José Miguel Páez, an indigenous person from Guachara, considers the deficiencies in the electricity and water services in this area of Bajo Apure to be serious problems for the indigenous communities.

“Power goes out all the time, it then lasts two to four hours. Sometimes we spend a night or the whole day without electricity, sometimes we spend two to three days without power. The person in charge of turning on the (water) pump does it very late, from 9:00 to 10:00 in the morning. They should do it at 5:00 in the morning, because there are people who work in the schools,” Páez told lapatilla.com.

Regarding the provision of water service, the indigenous residents of Guachara, when consulted in their homes, stated that they can go more than a day without water.

“When I worked in the dining room, there was no shortage of water, now there is. The water tank is located in a low area and the homes are in a high area. People who have a dynamo leave others without water,” Páez said worriedly.

Oblivion

 

Indigenous communities of Bajo Apure, survive between the harassment of irregular groups and the oblivion of Chavismo

 

Carlos Díaz, a resident of the community of Palmarito, where almost 2,000 indigenous people currently live, reports problems of all kinds. “The food arrives every three months, the road is useless, the homes are at ‘half-mast’, no one from the Government shows up there, no one visits anyone, they have forgotten us. We live off of fish in the river, we are barely surviving,” he noted.

Díaz emphasizes that the Guachara outpatient clinic “is useless” because it does not have sufficient medical supplies to attend to emergency cases. “There are no nurses, there is nothing, they left us like the ‘guayabera de veguero’ (saw that means ‘outside’, forgoten, excluded),” said Díaz.

The healthcare days sponsored by the authorities are carried out every two or five months due to the remoteness and complicated access to reach these territories of indigenous peoples. Only in some emergency cases, patients are transferred to the Pablo Acosta Ortiz Hospital (HPAO, in Achaguas) .

An indigenous woman from Fruta de Burro, Achaguas Parish, who asked to keep her name confidential for fear of reprisals, complains about the difficult access to this indigenous community, especially during the ‘winter’ (rainy season), because the road is “unusable and filled with water”.

She demands that the authorities repair the roads before the arrival of the rainy season.
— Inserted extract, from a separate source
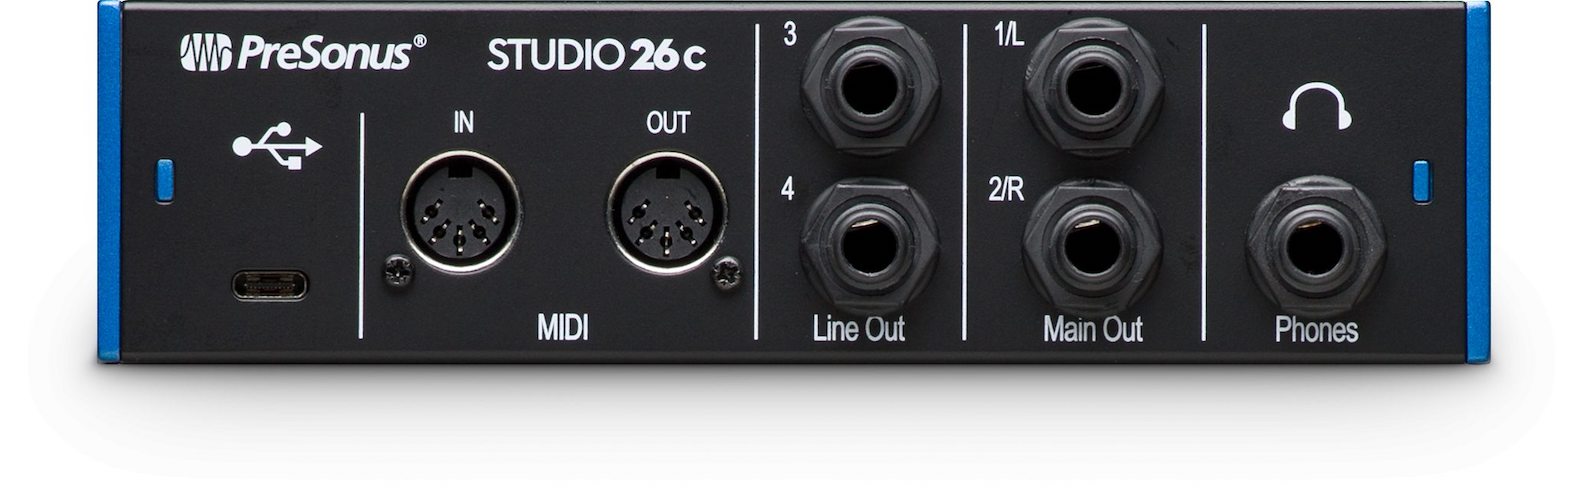 Presonus Studio 26c Audio Interface

She also affirms that the water service in Fruta de Burro is poor. “It arrives in dribs and drabs,” she said despite the fear in the area of offering information on the subject.

Official figures

According to a census carried out from August to November 2023, around 22,316 indigenous people live in Apure State, grouped into 5,373 families of the Cuiva, Pumé, Jivi and Eñepa ethnic groups.

During the first quarter of last year, around 86 indigenous people were treated at the Pablo Acosta Ortiz Hospital and three deaths were reported. In the first week of January 2024, nine indigenous births were registered, highlighted Euclides Rodríguez, Sole Authority for Indigenous Peoples in a radio program.
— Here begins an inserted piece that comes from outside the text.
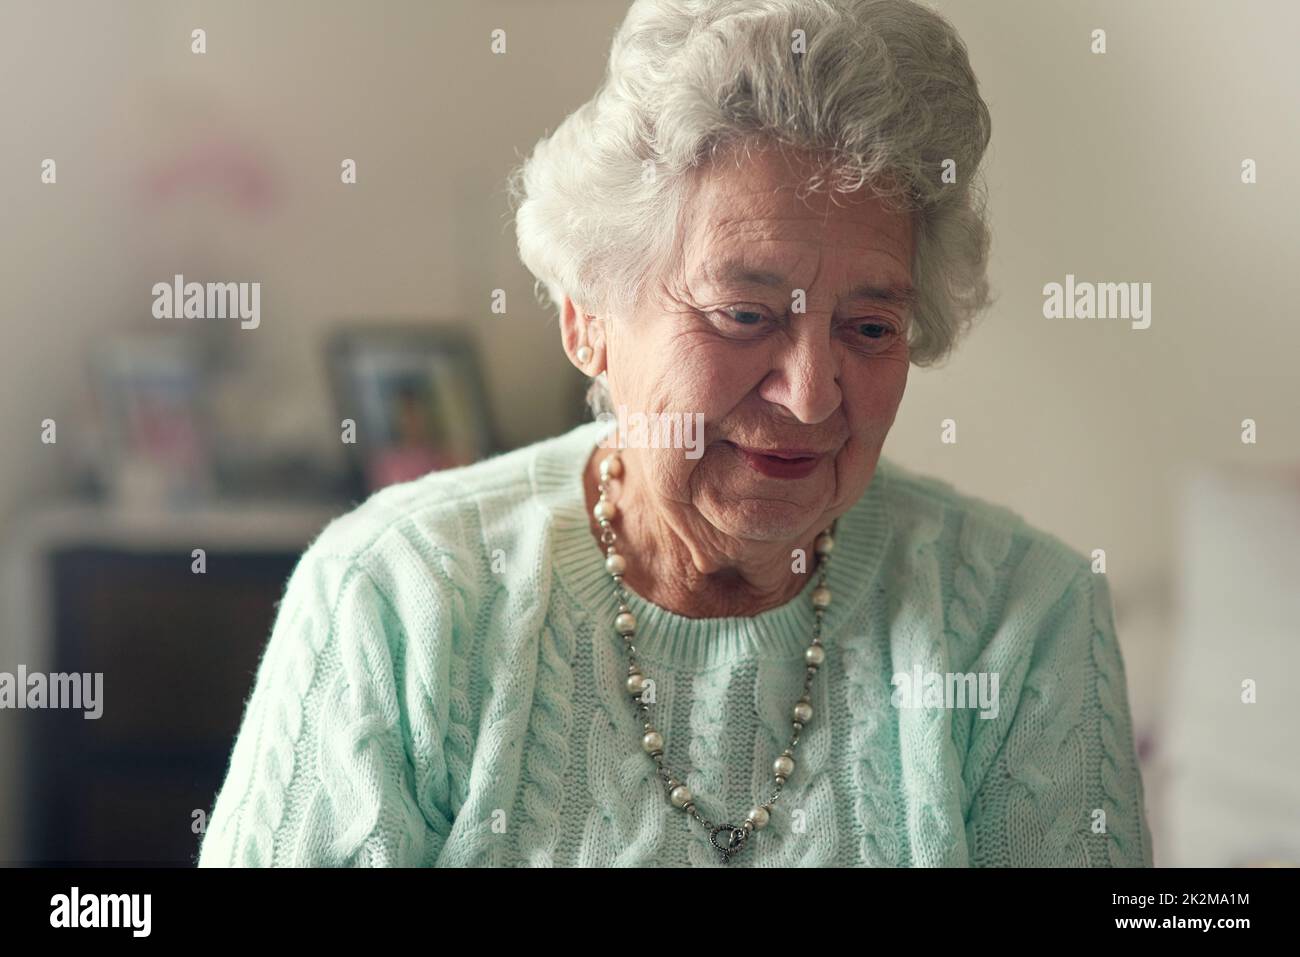 Ses brille encore de positivité même dans ses années d'or. Photo courte d'une femme âgée dans une maison de vieillesse. Banque D'Images

Despite this difficult situation, the Government plans to carry out a strategic plan in the: social area, infrastructure, agricultural and livestock production in the mission bases in favor of the indigenous communities, located in the Biruaca-Achaguas axis. The plan would be executed between August 2023 and 2028.
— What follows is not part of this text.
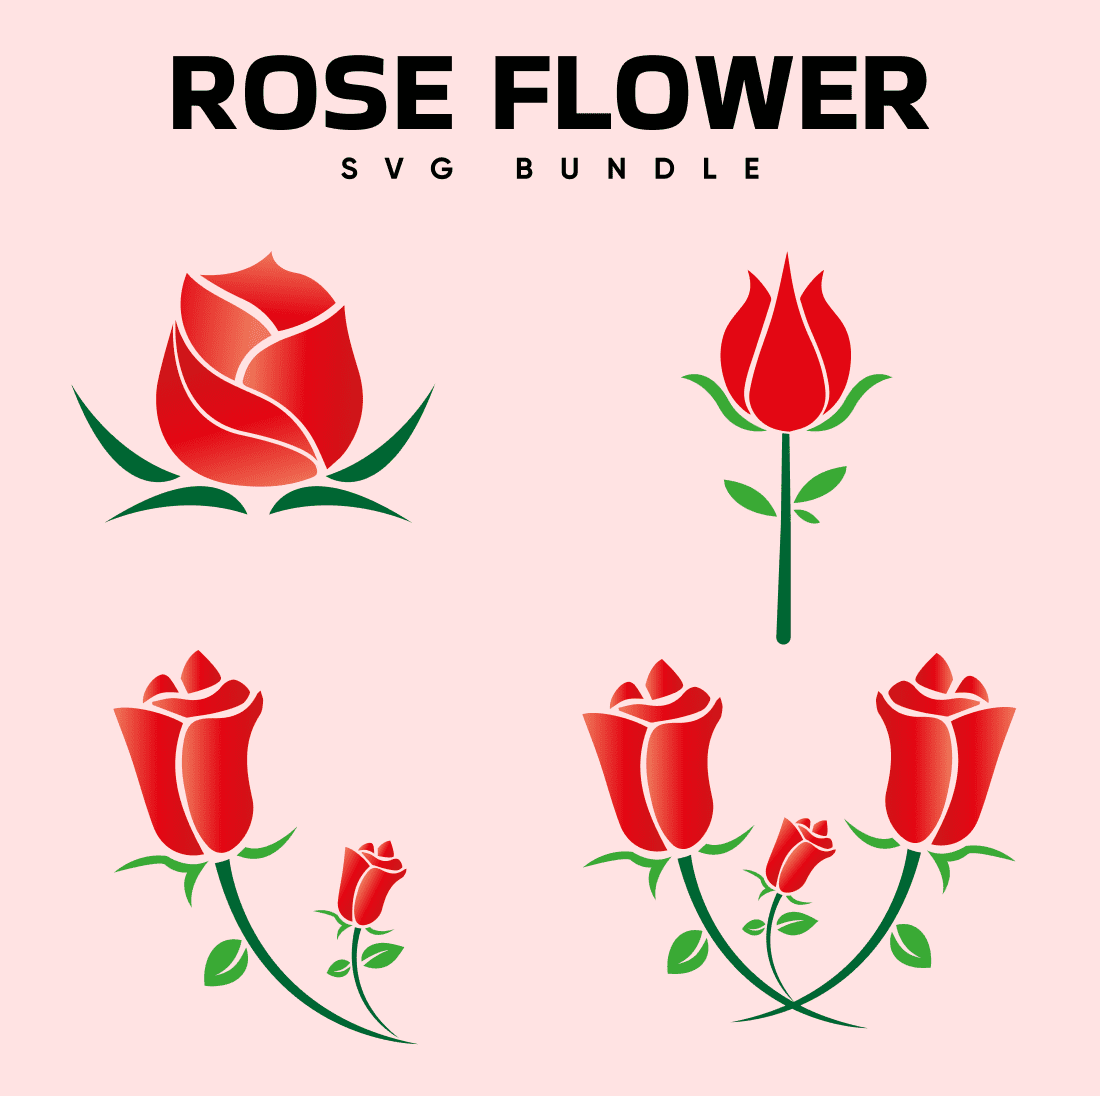 Rose SVG Flowers SVG Rose Bundle SVG Rose Silhouette Rose

They plan to incorporate 176 indigenous communities with a greater presence in the Pedro Camejo, Achaguas and Rómulo Gallegos municipalities (cuiva, jivi and pumé). Out of this total, 22 communities are settled in the Achaguas Municipality, where there is sandy loam soil inadequate for significant corn production, but is conducive to diverse livestock production, in order to promote independence within the native communities.

In Guachara, criminal gangs dedicated to theft and cattle rustling have proliferated, and are allied with armed groups that trade the meat in different areas of Bajo Apure, stated the indigenous people consulted for this journalistic work.